Итак, две Эриды или одна, раздвоенная и в то же самое время единая: «дурная» и «благая» Эрида? И аналогичным образом, если за амнезией всегда должна слышаться амнистия, что тогда делать с этим необоримым созвучием, в котором от благозвучности до несозвучности всего один шаг? Наконец, если внимательно прислушаться к Эсхилу, даже Эвмениды, хотя и переименованные и почитаемые в качестве доброжелательных хранительниц города, по-прежнему остаются дочерьми Ночи, Эриниями – о чем в Афинах также свидетельствует эпиклеса[265]Semnaí, говорящая о почтении, укорененном в страхе – и одни и те же слова, в зависимости от того, высказывают их Эринии или от-сказывают (проклятие в одном случае, благопожелание в другом), вызывают ненависть и смерть или, наоборот, гражданский мир и плодородие земли, стад и женщин.
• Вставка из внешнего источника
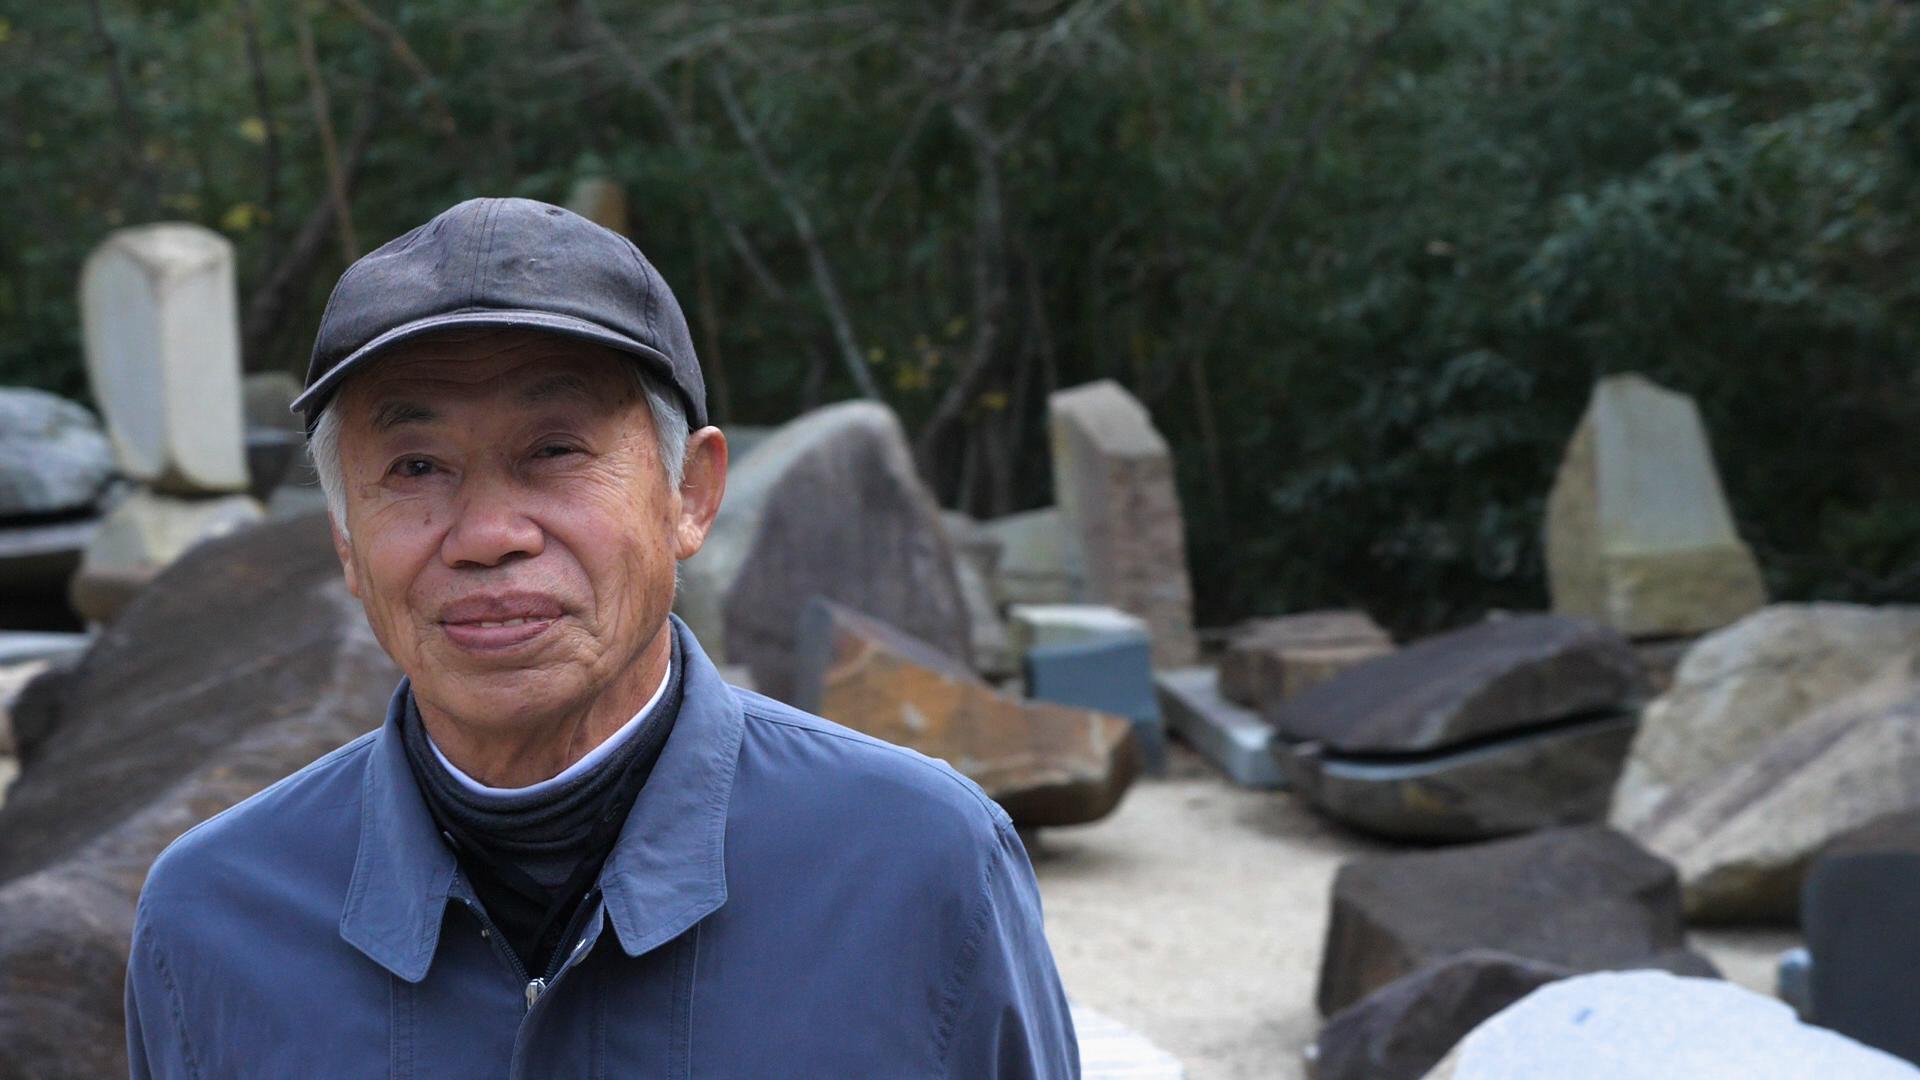 Masatoshi Izumi: The Soul of Stones - Masatoshi Izumi's family's relationship with stone goes back hundreds of years.Season 4, Episode 6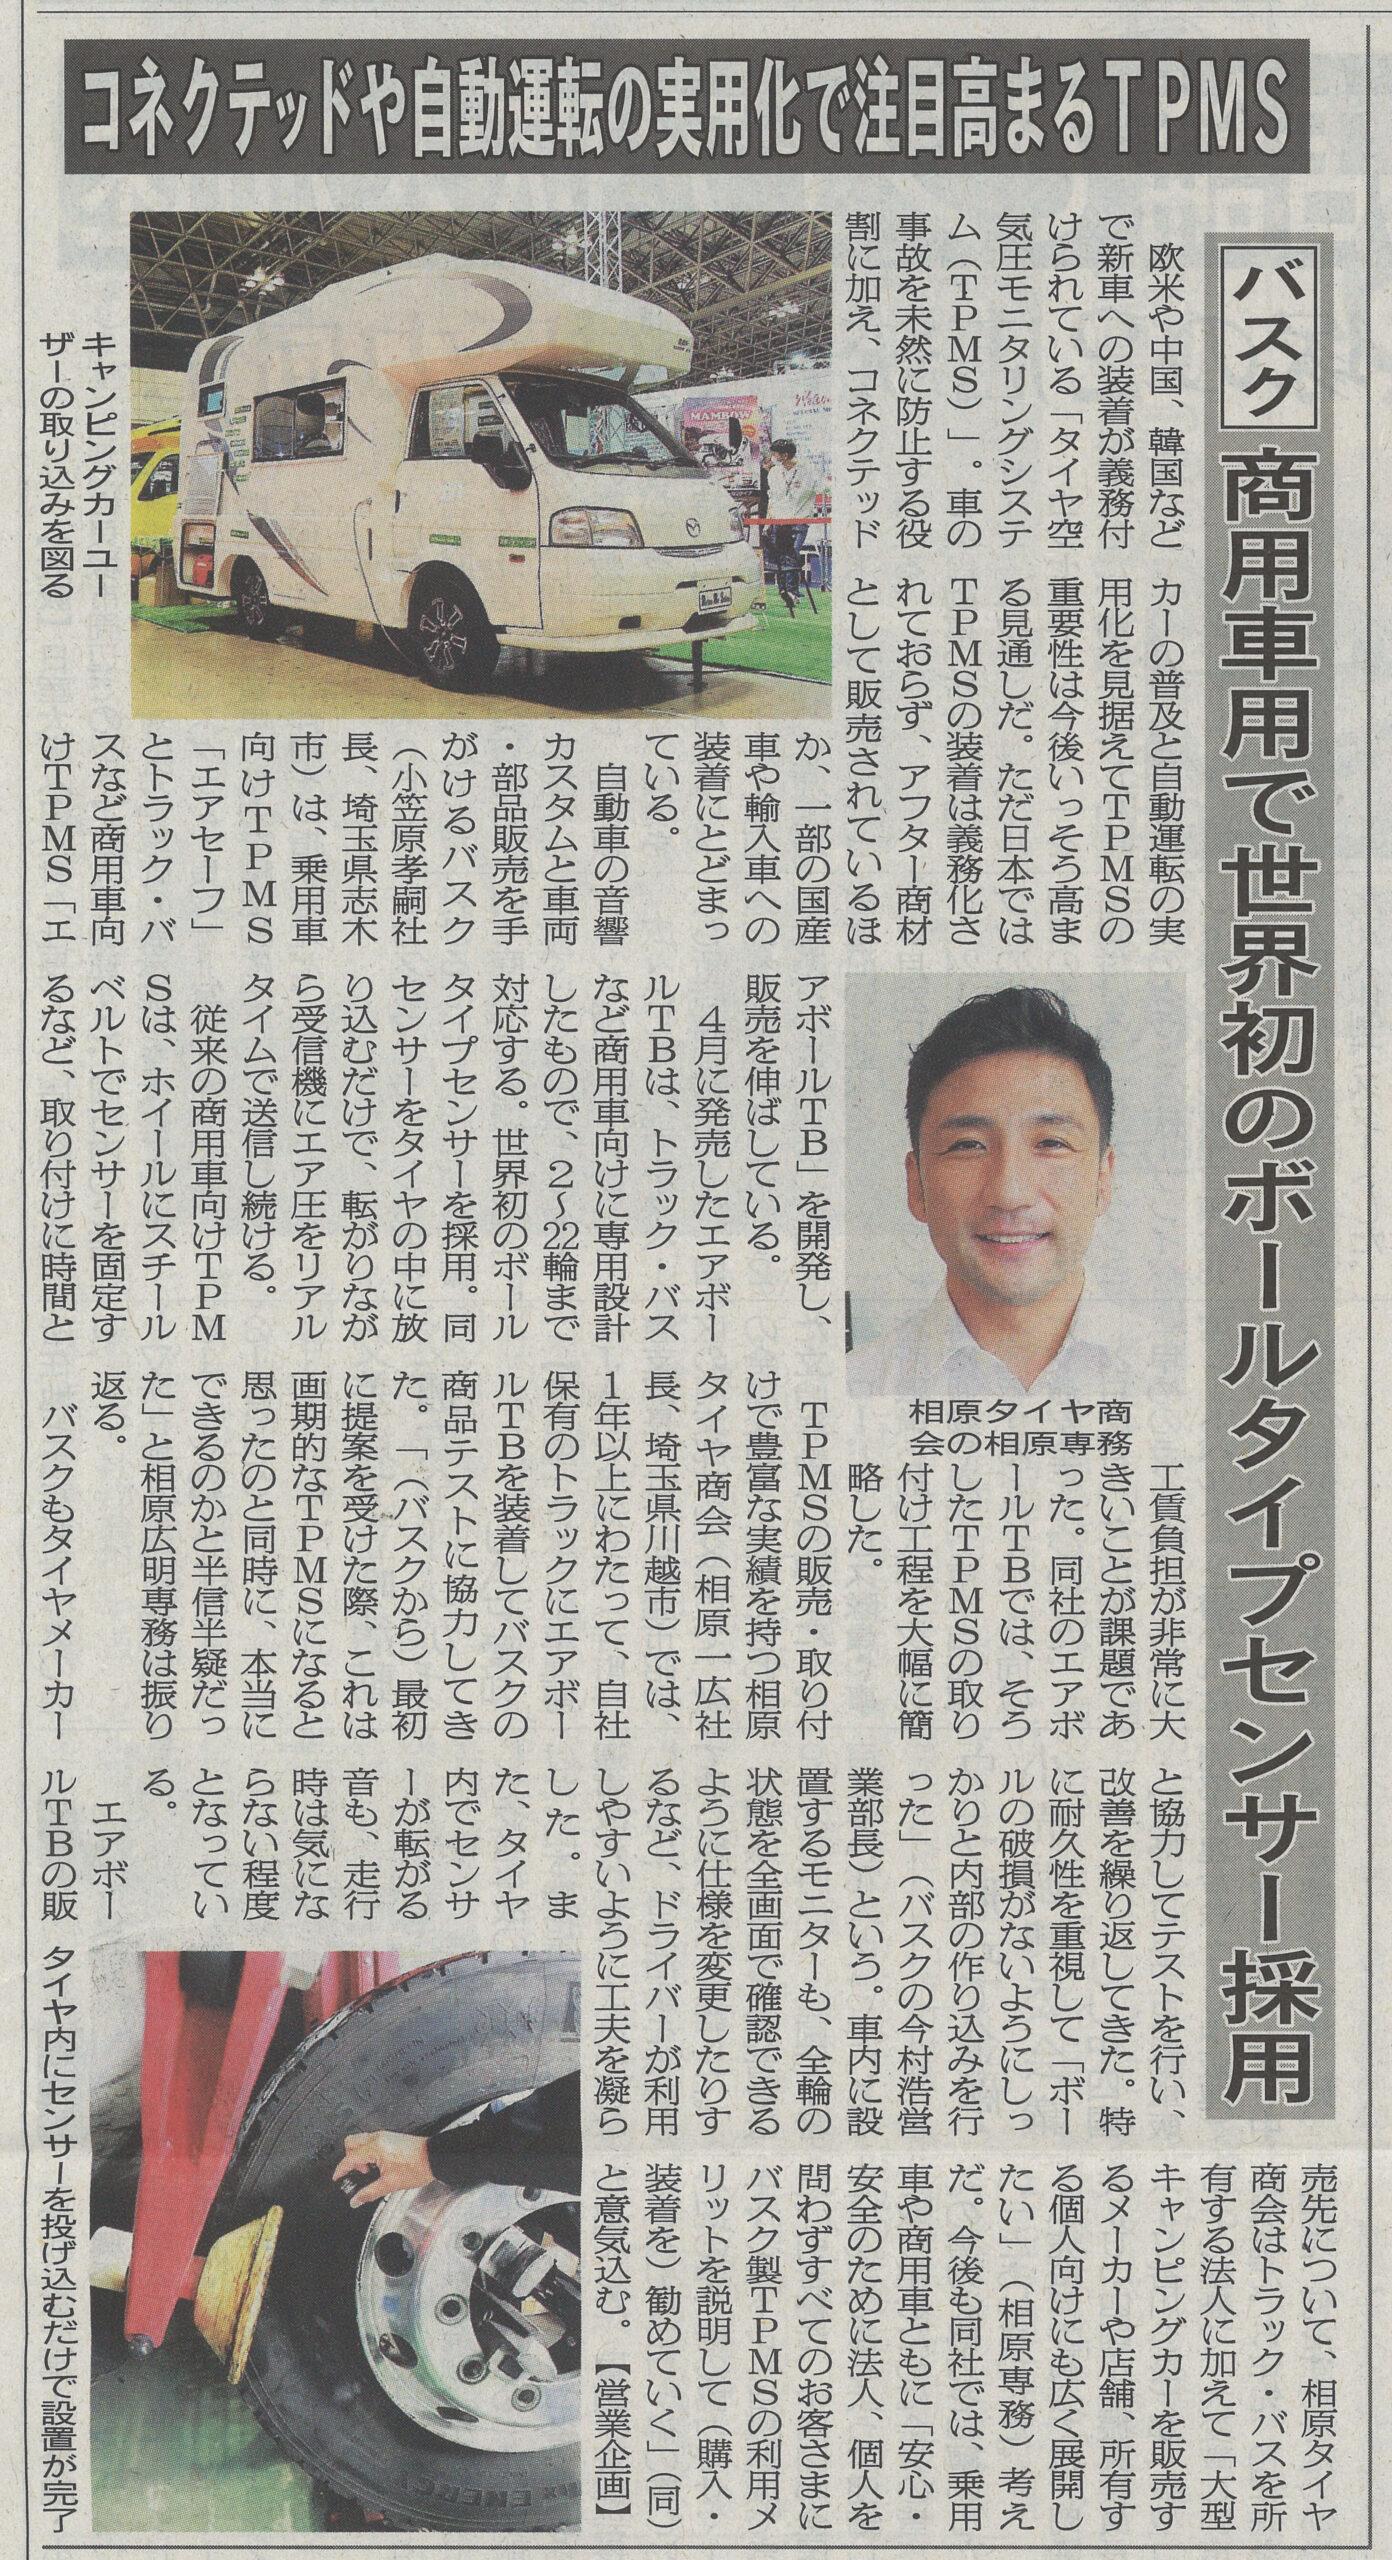 日刊自動車新聞 相広タイヤ 口コミ

Придаем ли мы значение палинодии[266] Гесиода по поводу Эриды или нет, нам придется считаться с этой конститутивной двойственностью сил Ночи, тем более что мы склоняемся к мысли скорее об амбивалентной, нежели антитетичной Эриде – о подлинно двойственной Эриде, которая была бы одновременно и черной (мрачной, ужасной), и сущностно важной для жизни в городе.
На горизонте этого пути – урок амбивалентности для историка политического: зафиксировать регулярно повторяющиеся декларации, превращающие клятву в цемент гражданского мира, и в то же время прислушаться к проклятию, относящему hórkos к компетенции Ареса; расслышать приглушенный голос некой éris, что могла бы быть самой крепкой связью гражданского сообщества, и постараться понять, что то, что граждане – каждый за себя и все вместе – клянутся забыть, является как раз эхом этого голоса, возможно, куда более соблазняющим, чем те «злосчастья», к которым город хочет свести гражданскую войну.
Но самой сложной остается обратная задача – сложная для историка, чья озабоченность тем, чтобы удержать на дистанции совсем недавнее прошлое, привела его к Древней Греции как к самому далекому из всех прошлых: поскольку он слишком хорошо знает о том, что значат амнистии для национальной памяти, его самым первым желанием было бы не видеть в афинской амнистии 403 года ничего, кроме амнезии, и однако он должен будет сопротивляться, пускай и опираясь на одни лишь гипотезы, соблазну слишком упрощая наделить также и греков четкой и ясной оппозицией между «хорошей» амнистией и «плохой» амнезией.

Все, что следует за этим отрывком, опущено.